映画『ジプシーのとき』『アンダーグラウンド』
セルビア共和国は『七つの国境、六つの共和国、五つの民族、四つの言語、三つの宗教、二つの文字、一つの国家』と言われた旧ユーゴスラヴィアを構成していた共和国のひとつです。
第二次世界大戦でのドイツ・イタリアからの独立を指導したヨシップ・ブロズ・チトーの死後旧ユーゴスラヴィアは解体の道をたどり、繰り広げられた情報戦争もあいまって人々の心にヨーロッパの火薬庫としての印象を強く焼き付けることとなりました。
もともとは、受験勉強をちゃんとせずに大人になり世界史に弱いということもありますが(一方、文学史や美術には興味があったので、かなりフィクションが混ざった知識がベースで、なんだかなー。。。。)
1991年スロヴェニアの独立宣言ではじまった激動の10年間は、わたし個人の激動の時期とも重なり正直のところあまり知識がありません。
ユーゴスラヴィアの現代史を学ぶことは、「そうだ、1995年は闘病の末に母が亡くなった年だった。」と、あえて思い出すこともないと欠けたままにしていたつらい記憶をつなぎ合わせ痛みを伴うこともある。ただ、つづけていくうちに「あれっ、意外と大丈夫?」ということになり心のリハビリ効果もありました。「時のくすり」の効果は大きい。

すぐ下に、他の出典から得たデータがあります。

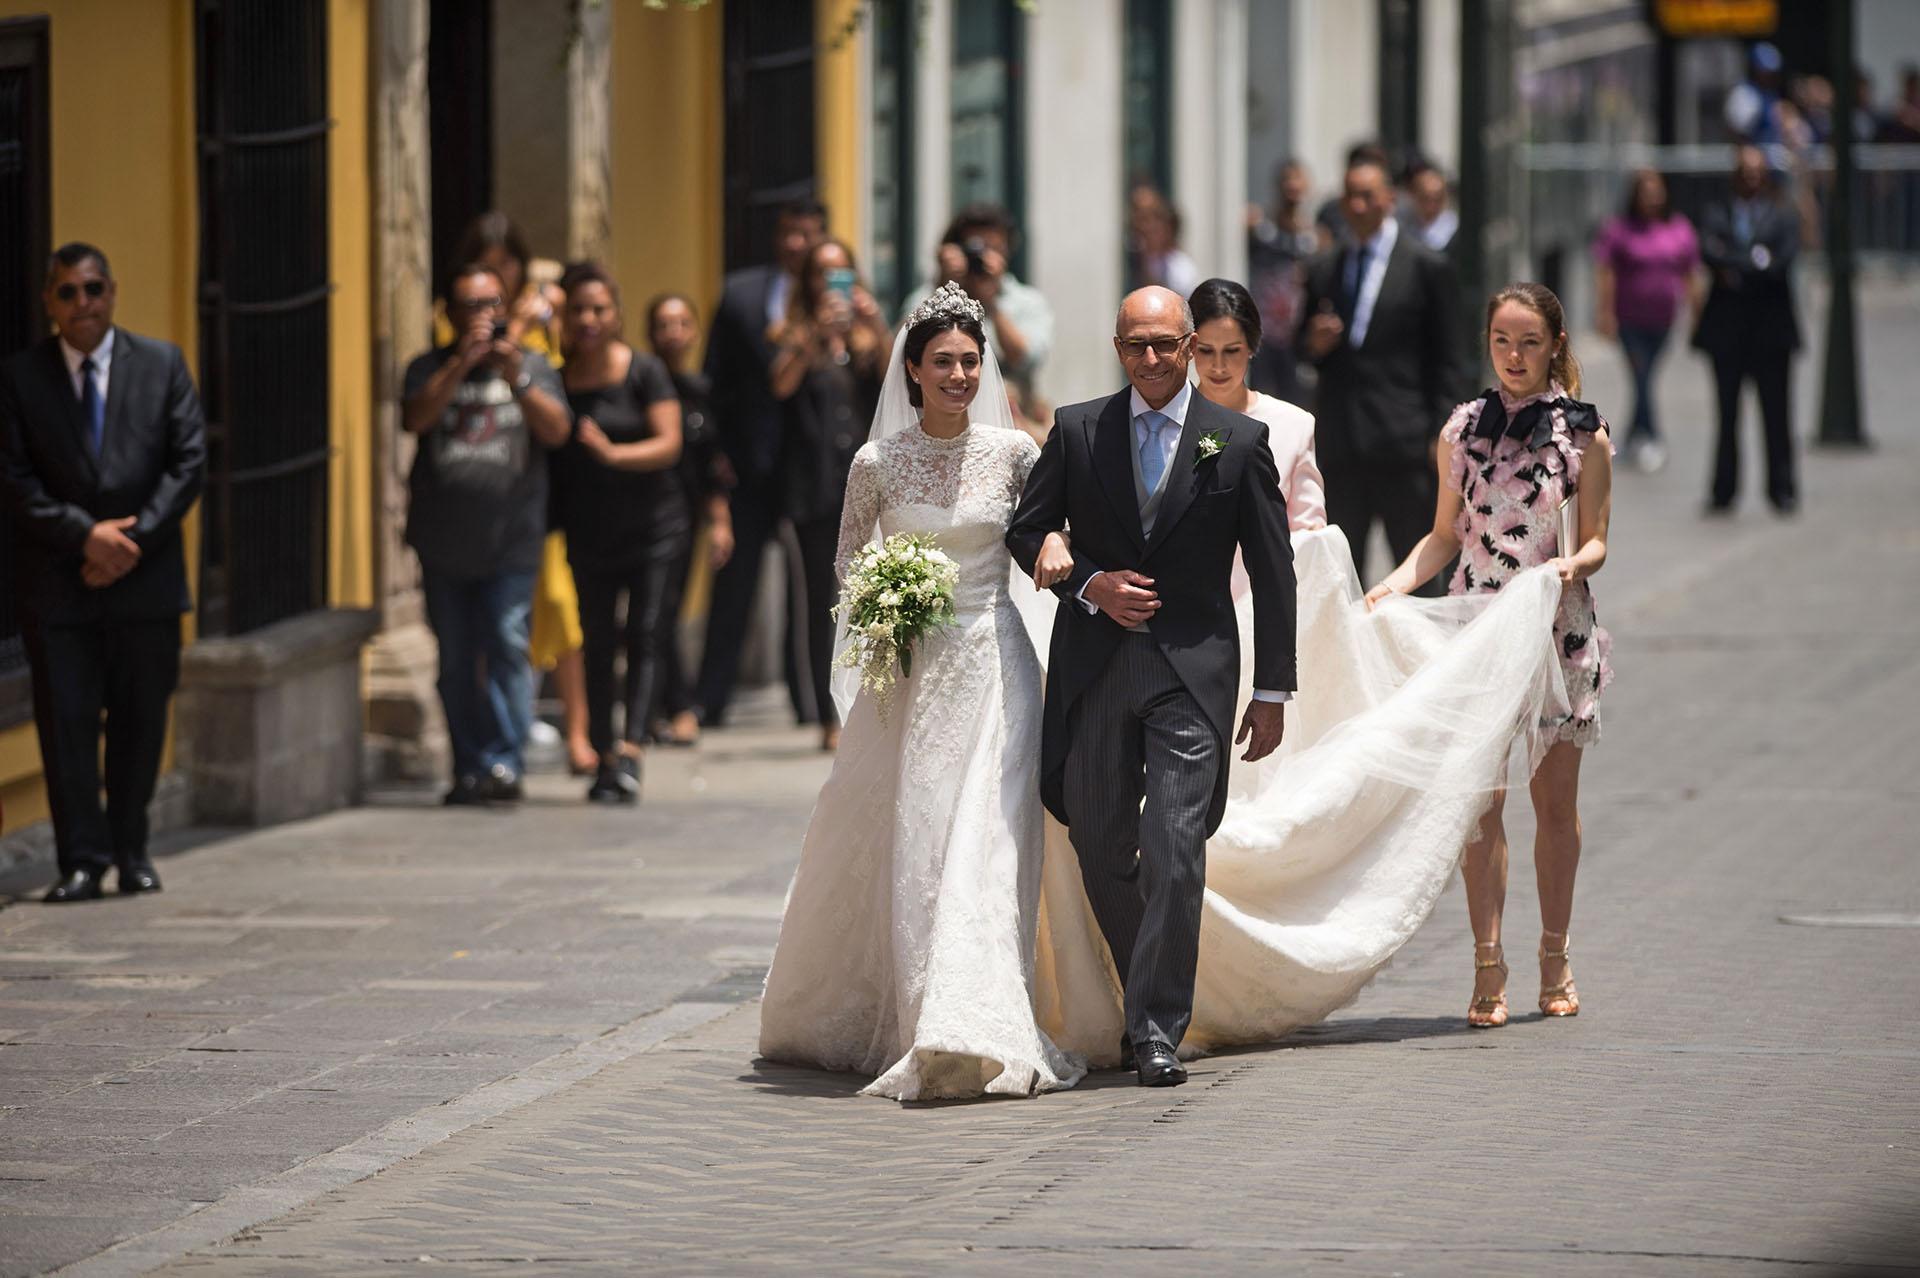 Alessandra Osma, de la mano de su padre el empresario peruano Felipe Osma, antes de llegar al altar de la iglesia de San Pedro. Alexander Hannover, quien es hija de Carolina de Mónaco y Ernest Hanover, ofició de dama de honor.

先日は、旧ユーゴスラヴィアを舞台にその時代を描いたエミール・クストリツァ監督作品『ジプシーのとき』と『アンダーグラウンド』の2本立てへ。
主題歌以外の予備知識は、ほぼゼロで観た『ジプシーのとき』は、解体前の旧ユーゴスラヴィア 1989年公開作品。
ヨーロッパの街角で見かけるジプシーたち。純朴だった主人公のぺルハンが、妹の病気を治すため生まれ故郷の小さな村を出てミラノへ移り住み、成長していく物語。

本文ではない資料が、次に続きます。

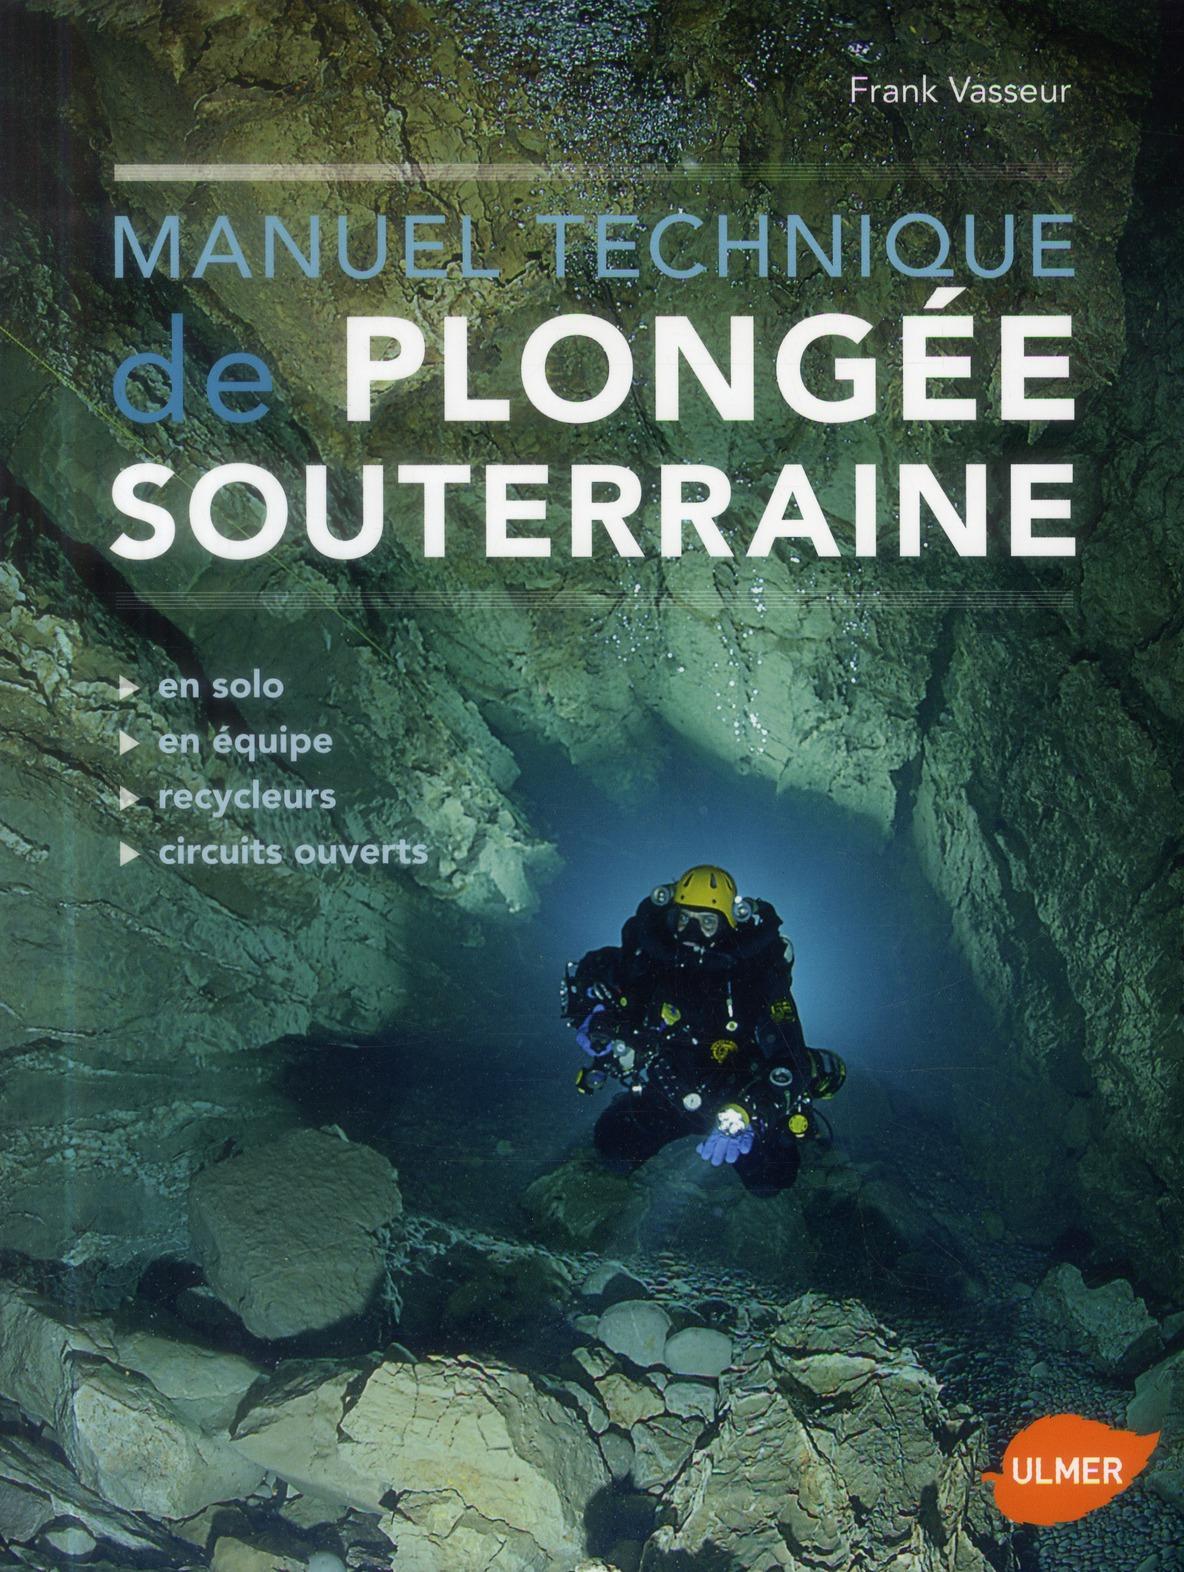 MANUEL TECHNIQUE DE PLONGEE SOUTERRAINE

都会の生活で見違えるほど美しい青年になるのですが、その洗練は盗みや物乞いが糧。
親代わりとも慕っていたボスの幾重もの裏切り、故郷に残してきた恋人に対する不信。
胸が痛くなるような哀しみに溢れたストーリーでありながら、下手に同情するとしっぺ返しをくらいそうな、したたかさも併せ持つ登場人物たち。

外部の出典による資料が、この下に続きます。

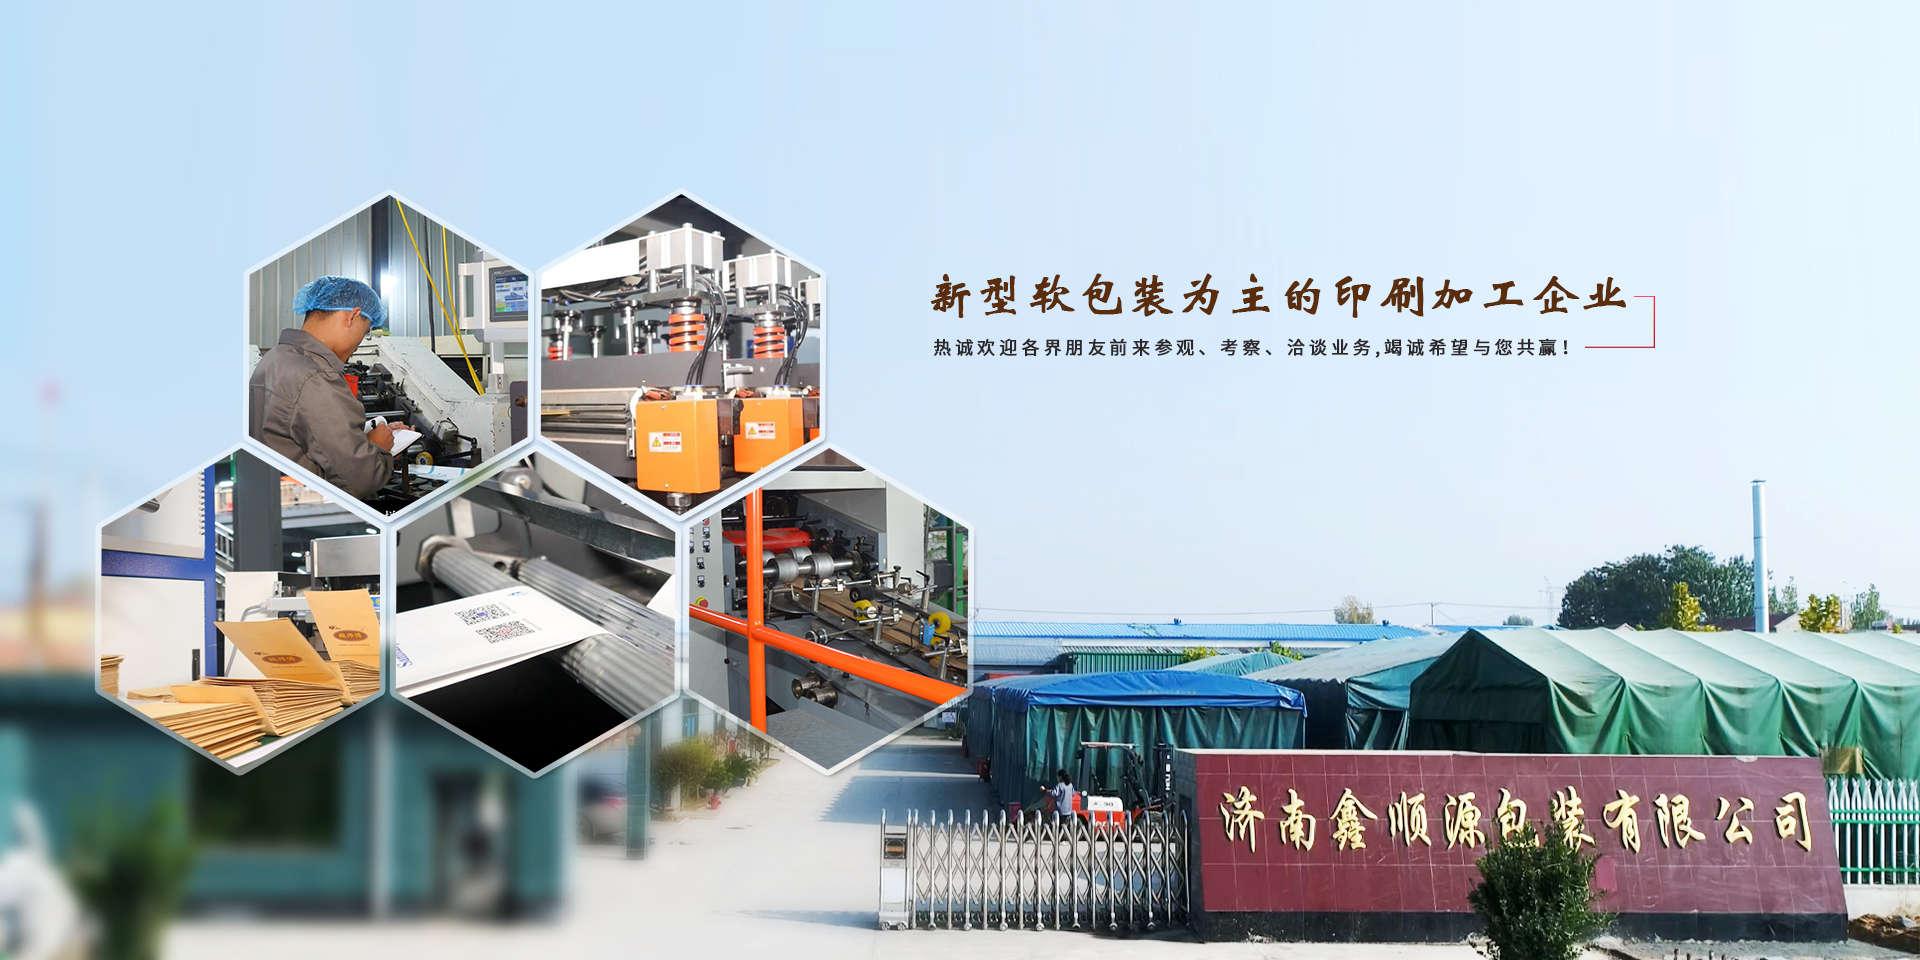 新型軟包裝為主的印刷加工企業

セルビアンナイトでいつも流すバルカンブラスはロマが奏でる音楽です。
昨年対談を聞いたマケドニア音楽の名家に生まれたメンスールさんの対談で、そのときは実感が伴わず聞いていた「ジプシー」という呼称への思いや、差別のことなど、あらためて厚みを持って思い出されました。
昨年「完全版」を観た『アンダーグランド』は、1995年のカンヌ映画祭パルムドール受賞作品。
第二次世界大戦のドイツに対するレジスタンス運動から、チトー死後のユーゴスラヴィア解体に至る50年間が描かれています。
聞きなれた音楽とセルビア語のリズム、シニカルなユーモアと自虐、したたかさと不器用さ、ユーゴスラヴィアに対する郷愁や、血を流しあってしまった過去を乗り越えようとする葛藤は、2度目の今は映画作品として単純に楽しむというよりは、友人たちの物語として自分のなかに入ってきて、頭と心がかきまわされました。
クストリツァの世界観から、いきなり東京の月曜日の昼間に出ていくのはギャップがありすぎて「アンダーグラウンド」のラストに救われました。